Material shown >>
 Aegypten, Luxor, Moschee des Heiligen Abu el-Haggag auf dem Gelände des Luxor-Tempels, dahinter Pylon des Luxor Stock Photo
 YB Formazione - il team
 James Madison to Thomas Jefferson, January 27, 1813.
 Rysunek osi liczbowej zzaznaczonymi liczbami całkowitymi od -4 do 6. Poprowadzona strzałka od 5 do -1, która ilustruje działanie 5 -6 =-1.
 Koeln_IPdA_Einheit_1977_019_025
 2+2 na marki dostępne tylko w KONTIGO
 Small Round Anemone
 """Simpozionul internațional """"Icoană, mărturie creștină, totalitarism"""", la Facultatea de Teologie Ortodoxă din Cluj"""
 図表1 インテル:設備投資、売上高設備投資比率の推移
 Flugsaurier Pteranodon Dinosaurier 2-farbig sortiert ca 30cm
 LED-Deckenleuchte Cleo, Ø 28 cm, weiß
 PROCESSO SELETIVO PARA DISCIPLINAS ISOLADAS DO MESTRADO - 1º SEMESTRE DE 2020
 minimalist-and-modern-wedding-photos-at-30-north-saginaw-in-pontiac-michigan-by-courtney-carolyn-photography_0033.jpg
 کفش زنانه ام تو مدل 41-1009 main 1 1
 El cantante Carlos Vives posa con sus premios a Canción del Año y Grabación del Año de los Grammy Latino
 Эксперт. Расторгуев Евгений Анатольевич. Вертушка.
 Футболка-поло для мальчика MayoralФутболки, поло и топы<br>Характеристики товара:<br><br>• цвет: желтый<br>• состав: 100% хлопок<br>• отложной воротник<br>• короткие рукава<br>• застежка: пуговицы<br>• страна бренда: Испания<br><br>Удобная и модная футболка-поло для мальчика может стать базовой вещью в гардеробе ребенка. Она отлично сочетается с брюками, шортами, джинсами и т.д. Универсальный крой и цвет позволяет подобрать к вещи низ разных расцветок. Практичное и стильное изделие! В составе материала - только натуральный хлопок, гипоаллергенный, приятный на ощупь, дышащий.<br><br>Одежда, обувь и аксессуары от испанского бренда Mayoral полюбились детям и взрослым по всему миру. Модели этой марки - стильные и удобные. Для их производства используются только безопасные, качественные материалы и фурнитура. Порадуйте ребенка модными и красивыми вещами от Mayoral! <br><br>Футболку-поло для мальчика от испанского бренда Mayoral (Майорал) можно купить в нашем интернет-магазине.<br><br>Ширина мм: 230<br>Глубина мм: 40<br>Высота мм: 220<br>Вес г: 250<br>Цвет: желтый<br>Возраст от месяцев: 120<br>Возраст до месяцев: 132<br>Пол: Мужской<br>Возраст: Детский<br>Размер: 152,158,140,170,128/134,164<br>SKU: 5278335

Task details >> Where the line with "Small Round Anemone" ends, your copy should end too; please return exactly the lines from the first line of the data through it.

Output below >>
 Aegypten, Luxor, Moschee des Heiligen Abu el-Haggag auf dem Gelände des Luxor-Tempels, dahinter Pylon des Luxor Stock Photo
 YB Formazione - il team
 James Madison to Thomas Jefferson, January 27, 1813.
 Rysunek osi liczbowej zzaznaczonymi liczbami całkowitymi od -4 do 6. Poprowadzona strzałka od 5 do -1, która ilustruje działanie 5 -6 =-1.
 Koeln_IPdA_Einheit_1977_019_025
 2+2 na marki dostępne tylko w KONTIGO
 Small Round Anemone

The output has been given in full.